В той части жизни, которая на предприятии или в учреждении называется общественной, случается, что безголосых обязуют ради поднятия массовой активности петь в хоре, певцов – тренироваться в беге на длинные дистанции, а стайеров – читать лекции о происхождении колец Сатурна... Здесь, к счастью, произошло наоборот, то есть именно так, как и должно быть.
Самостоятельный, независимый характер, обостренное чувство справедливости, с виду эдакое невинное лукавство, а за ним – непримиримая, бескомпромиссная враждебность к любой лжи, нечестности, к любым проявлениям эгоизма и душевного хамства – все это сумела разглядеть, разгадать в ничем внешне не примечательном человеке Антонина Николаевна, выдвигая кандидатуру Прокофьева на партбюро.

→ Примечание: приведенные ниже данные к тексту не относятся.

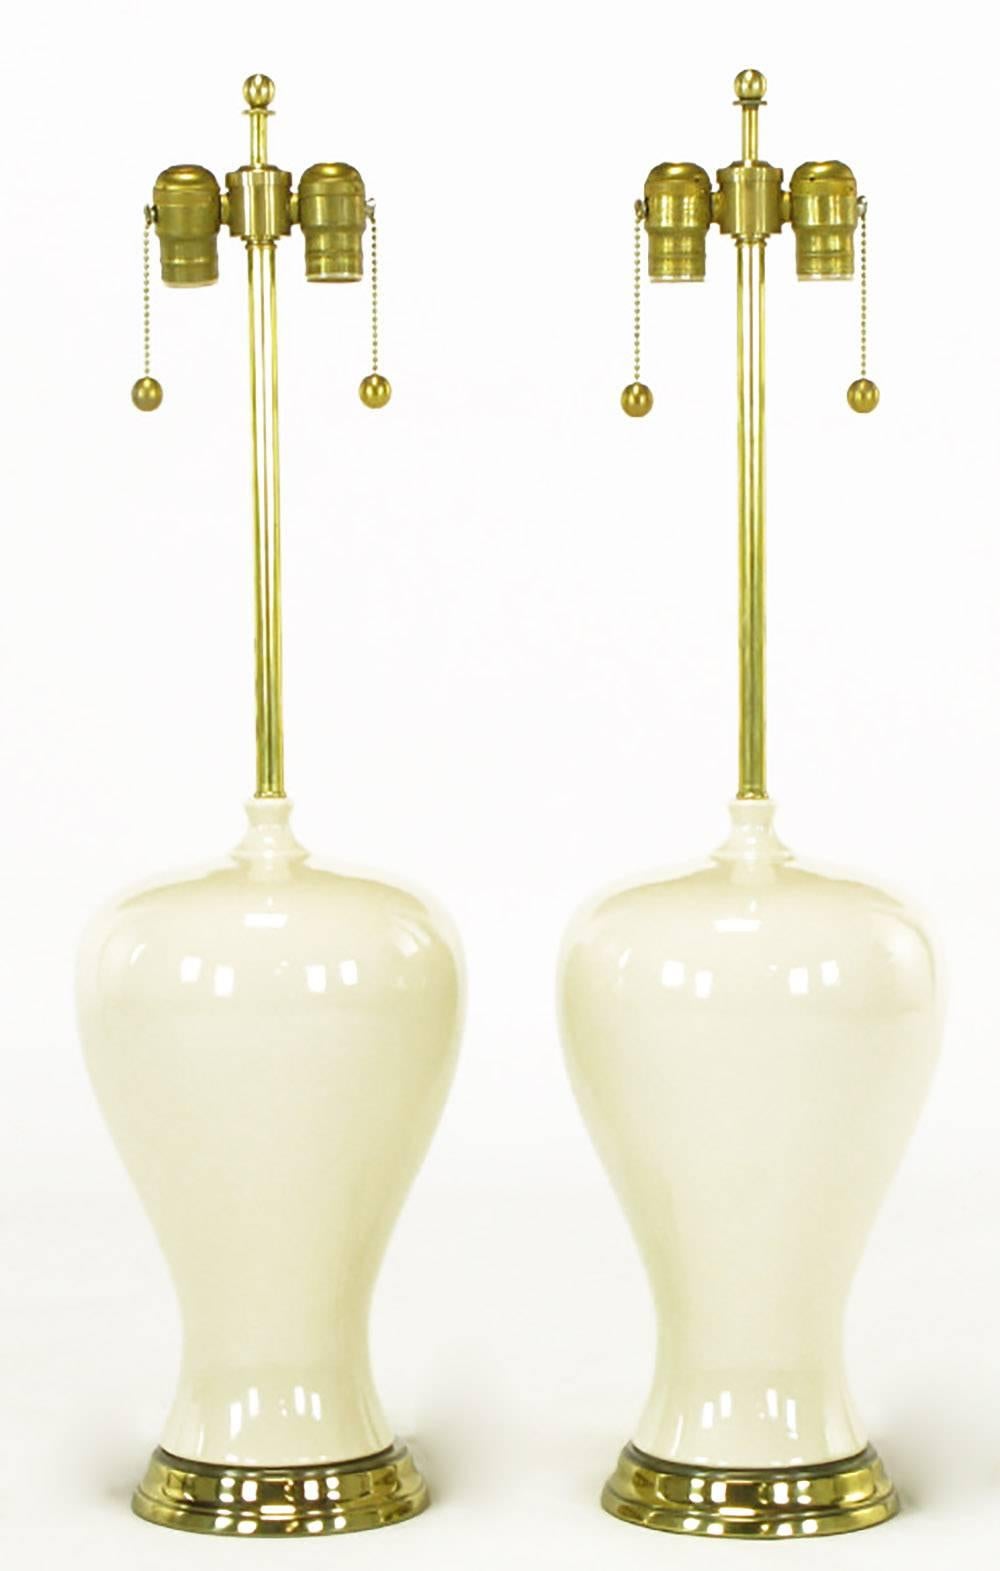 Paire de voluptueuses lampes de table en céramique émaillée ivoire avec bases en laiton patiné. La forme organique se déplace en douceur de la base à la tige en laiton et à la double douille en passant par le corps en céramique ivoire. Vendu sans

Но «Прожектор» – это не только Прокофьев, а и дружная, инициативная редколлегия – комсомольский штаб «Прожектора». И постоянные корреспондентские группы по всем цехам. И, наконец, весь завод – коллективный читатель, адресат и автор «Прожектора». Что же до самого Ивана Васильевича Прокофьева, то для него, без преувеличения, с «Прожектором» жизнь обрела новый стержень, новый смысл.
«Прокофьев,– сказал мне кто-то на заводе,– это второй директор, второй главбух, второй главный инженер...» Но так о нем заговорили далеко не сразу.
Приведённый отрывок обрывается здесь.